# Overview of functClust

## Aim of functional clustering

An interactive system is here understood as a collection of components that interact when they co-occur, and whose interactions generate an emergent, collective, system-specific performance, function or property. When we subsample different components that belong to the system, we observe that different component assemblages generate different emergent, collective, system-specific performances. We thus assume that different values of performances are associated with different composition of component assemblages, that is to say with different co-occurring components.

The aim of functional clustering is to identify the role played by each component belonging to the system on the genesis of the emergent, collective, system-specific performance. For doing that, we need a collection of subsamples, i.e. sub-systems, of different elemental composition, i.e. different assemblages of components, of which emergent, collective, system-specific performances are observed.
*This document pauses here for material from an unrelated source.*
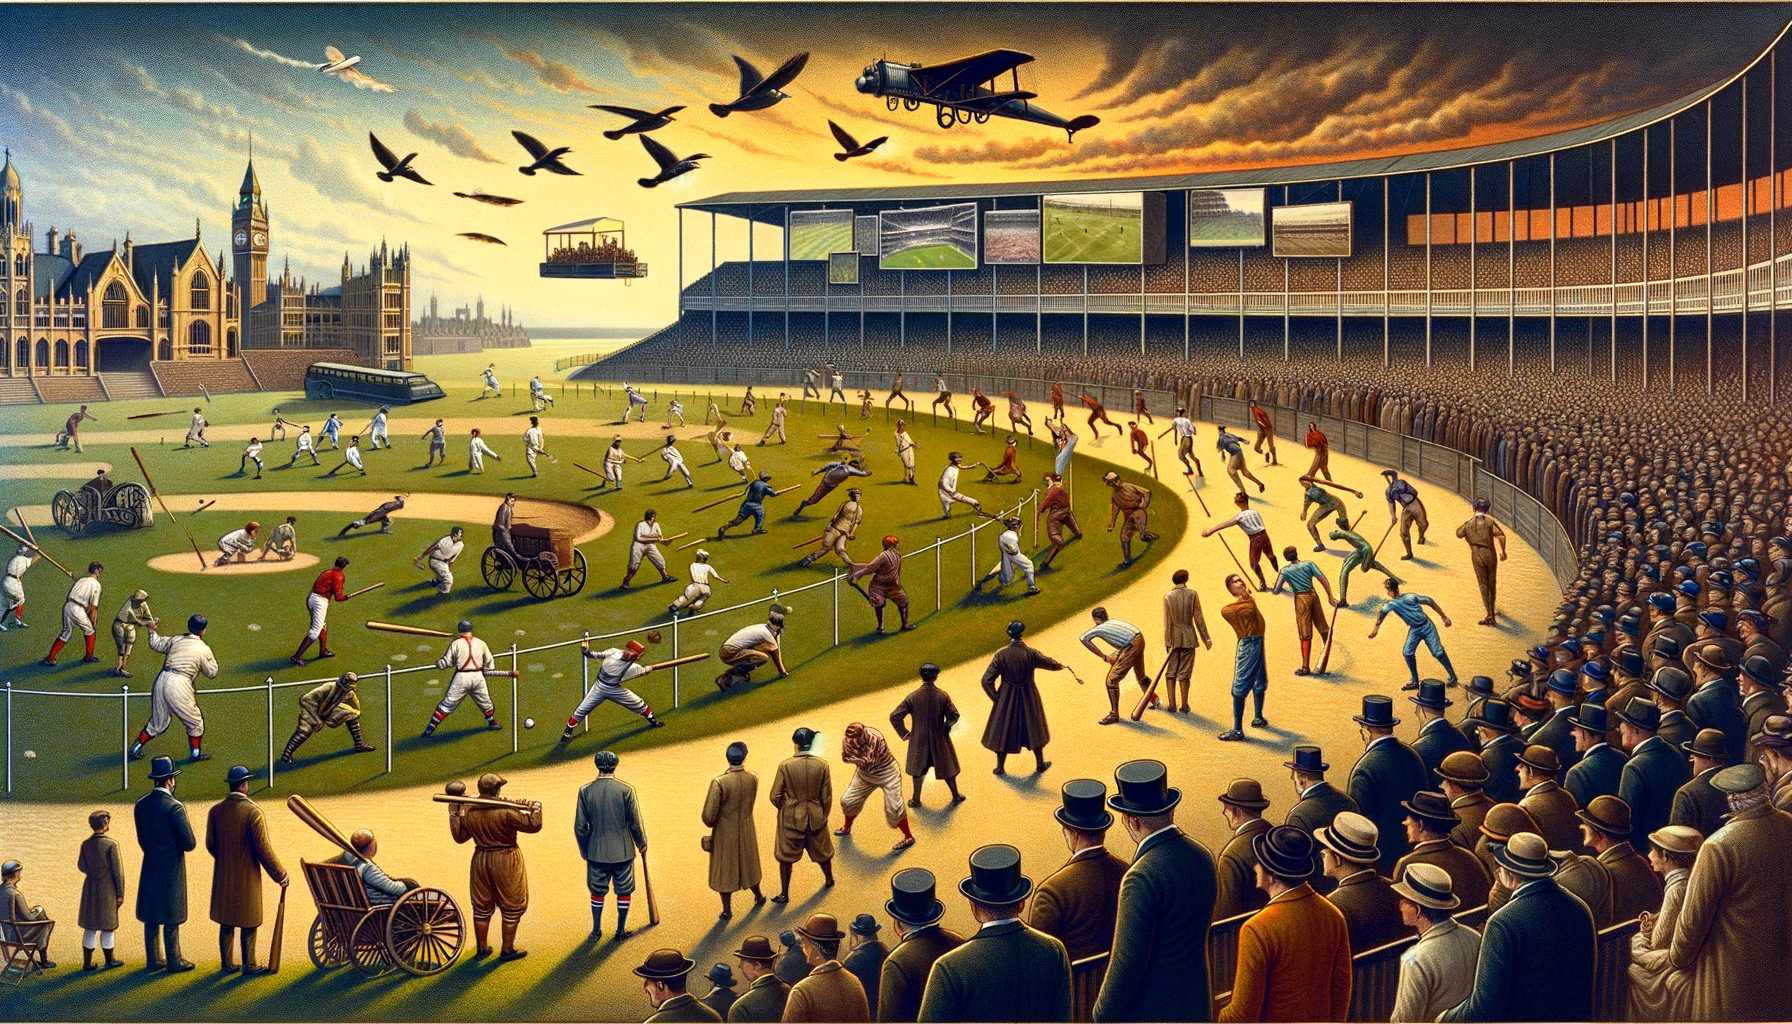 THE EVOLUTION OF SPORTS GAMES FROM THE 19TH CENTURY TO THIS PRESENT DAY

A functional clustering groups the components of the interactive system on the basis of their effects on the system-specific performance. The effect on assemblage performance can be induce when the components occur alone or in combination with other components. The procedure groups first the components that induce similar effects on the performance when they co-occur with the same other components within the system: a functional group clusters together components that are functionally redundant for the performance in consideration.
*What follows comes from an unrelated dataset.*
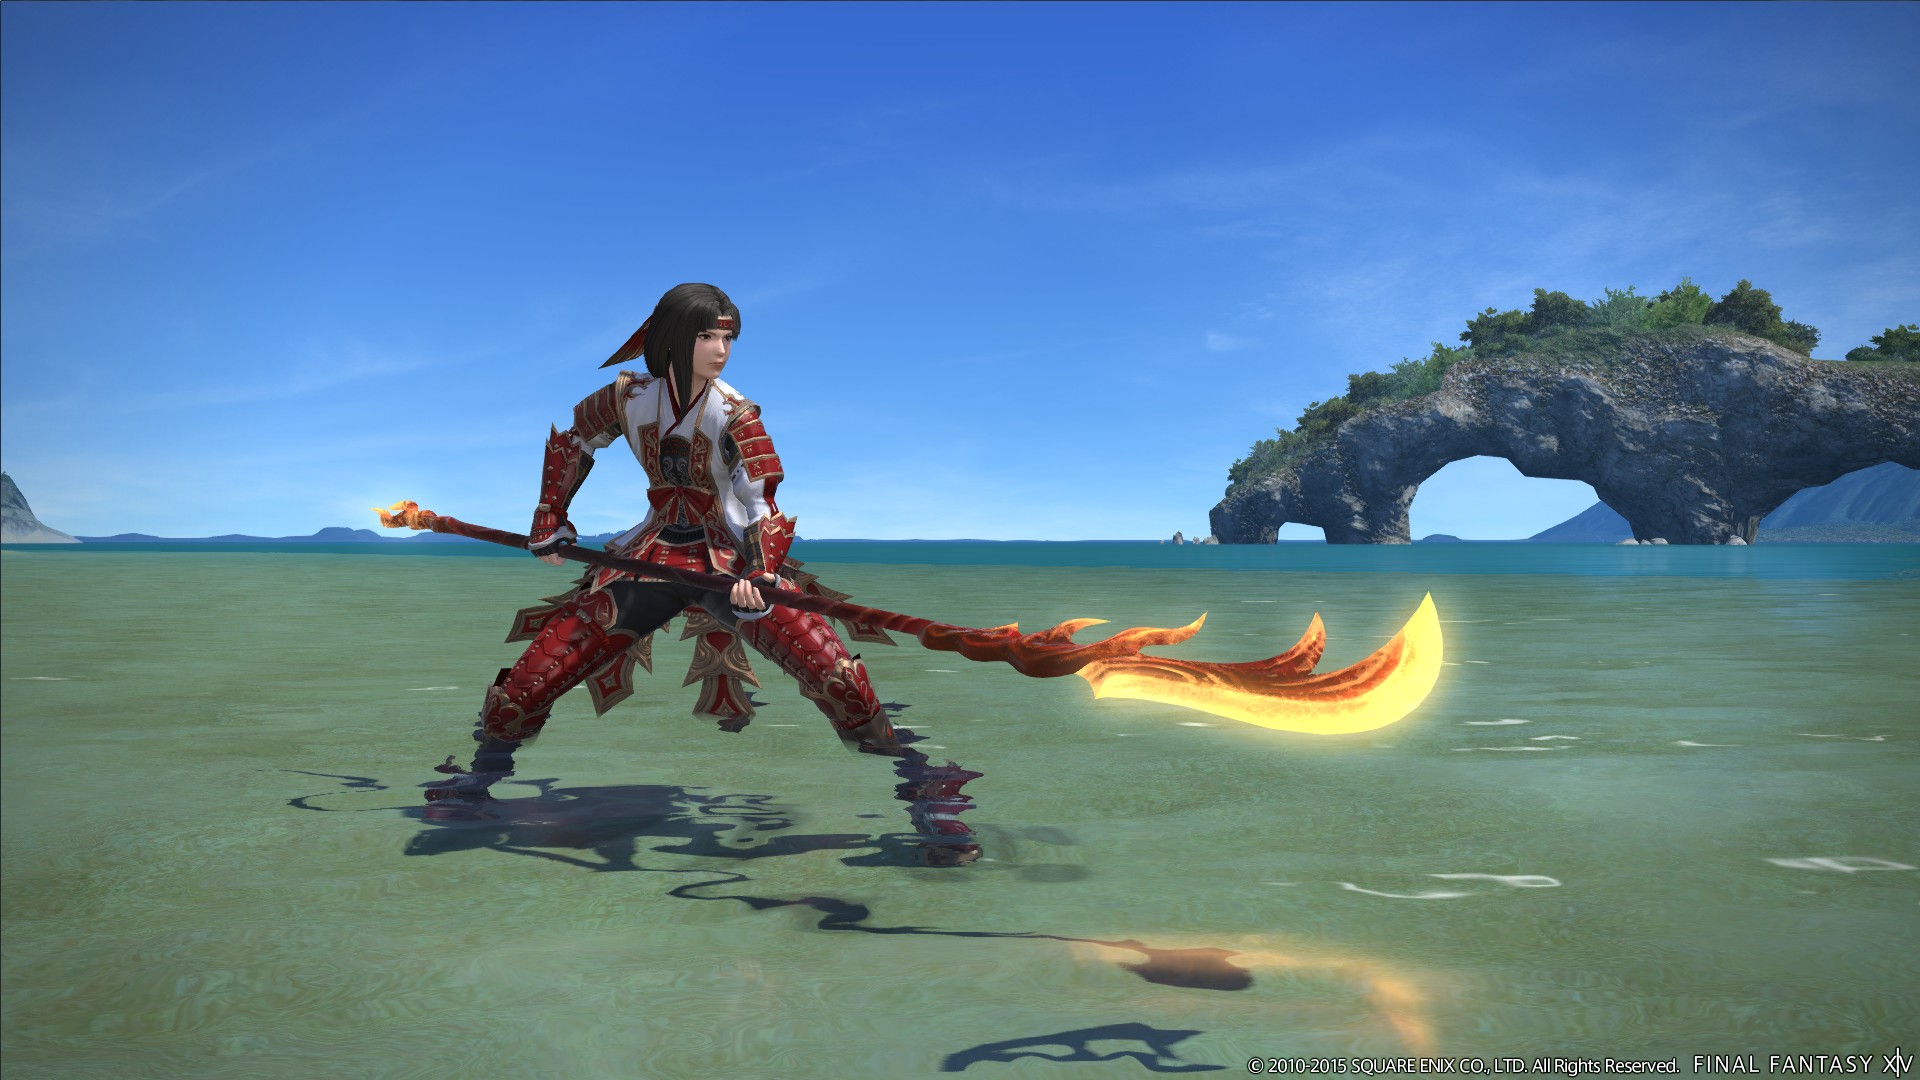 Final Fantasy XIV and Final Fantasy XI are teaming up once again with a new...

We term assembly motif a combination of functional clusters, more precisely speaking a combination of components that belong to different functional clusters. Each assembly motif describes therefore a kind of component assemblage. We assume that each assembly motif is associated with a mean value of observed performances. Clustering components in functional groups generates a classification of component assemblages based on their assembly motif. We evaluate the quality of each component clustering by the coefficient of determination of the performance modelled by the classification of component assemblages. An iterative process then enables identifying the component clustering in functional groups that best accounts for the observed performance, i.e. that maximizes the coefficient of determination of the observed performance.

The combinatorial approach therefore generates a tree that groups functionally redundant components of the system for the system-specific performance in consideration. It is a functional clustering of components that belong to the interactive system for the performance in consideration.
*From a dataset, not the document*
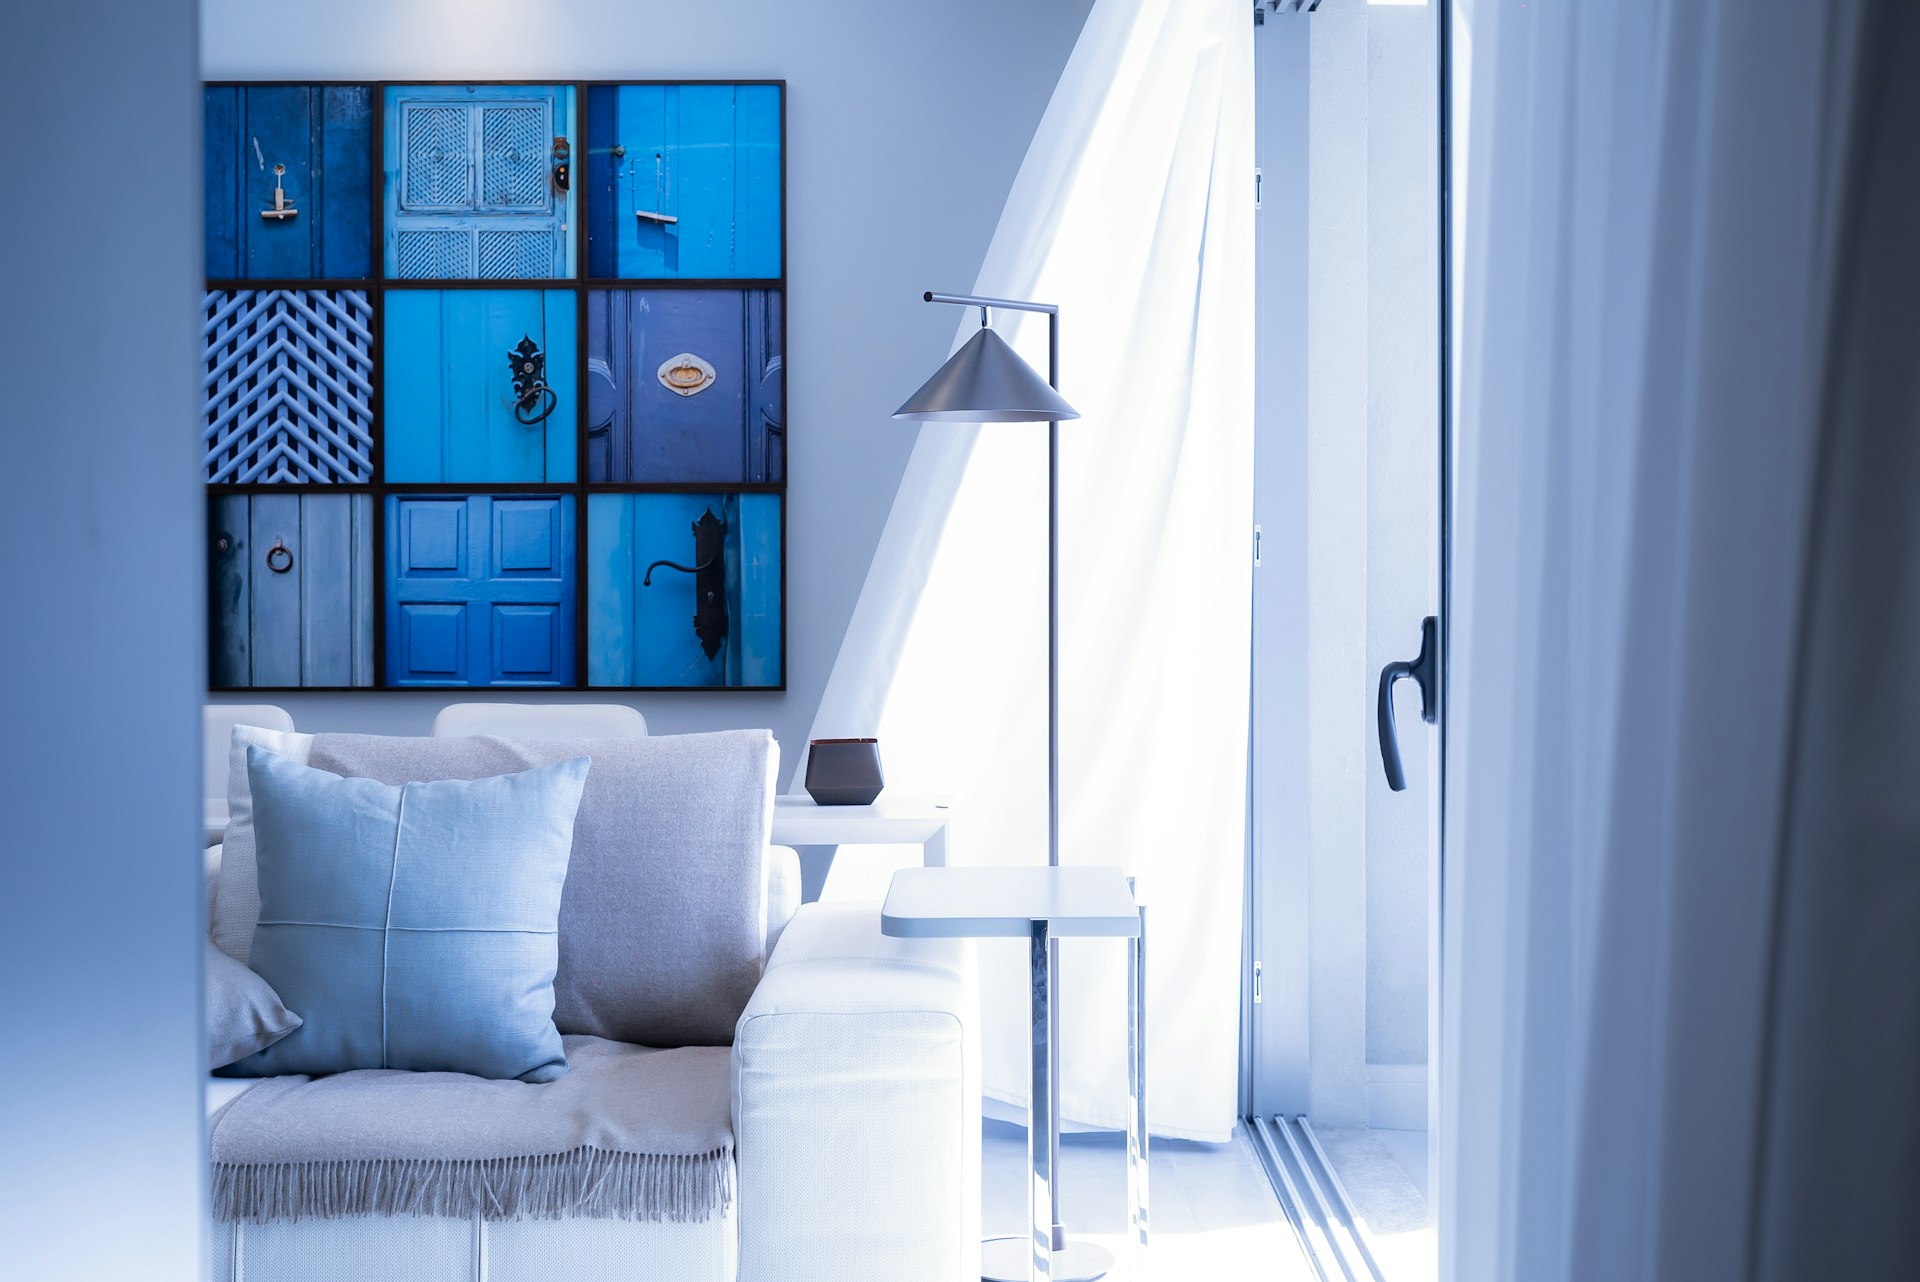 A beautifully designed blue room

## Method for clustering functionally redundant components of an interactive system

The functional clustering of components belonging to an interactive system works in three steps:

• first, the primary tree that best accounts for the observed performance of component assemblages is fitted (Figure 1). This primary tree runs from a trunk, that is the trivial cluster where all components belonging to the system are clustered together, towards leaves where each component is isolated in a singleton. Each tree level corresponds to a clustering of compoenets in a given number of clusters, and the whole tree has therefore a deep equal to the number of components. Quality of clustering is evaluated by its residual sum of squares (RSS), that is its coefficient of determination (R2 ) when divided by the total sum of squares (TSS), minus one. Trunk is under-fitted (R2 = 0) and leaves are over-fitted (R2 = 1): neither the first one nor the last ones are informative. The most informative component clustering is located between the trunk and the leaves.

• second, the performance of each assemblage is predicted by cross-validation using the primary tree. When all components belonging to the system are clustered together in a trivial large cluster, the performance of each assemblage can be predicted by cross-validation as the mean performance of all other assemblages. As the number of component clusters increases, the size of assembly motifs decreases, then the predictability of the performance of each assemblage also decreases until the assemblage is the sole representative of its assembly motif: then its performance can no longer be predicted by cross-validation. We consider the last prediction, i.e. the prediction based on a component clustering in a smaller number of clsuters, thus a less efficient model, as the best possible one for this assemblage. The procedure allows to get the best possible prediction for each component assemblage. The method of cross-validation is a leave-one-out when the size of assembly motifs is small, and optionally a jackknife method when the size of assembly motifs is larger.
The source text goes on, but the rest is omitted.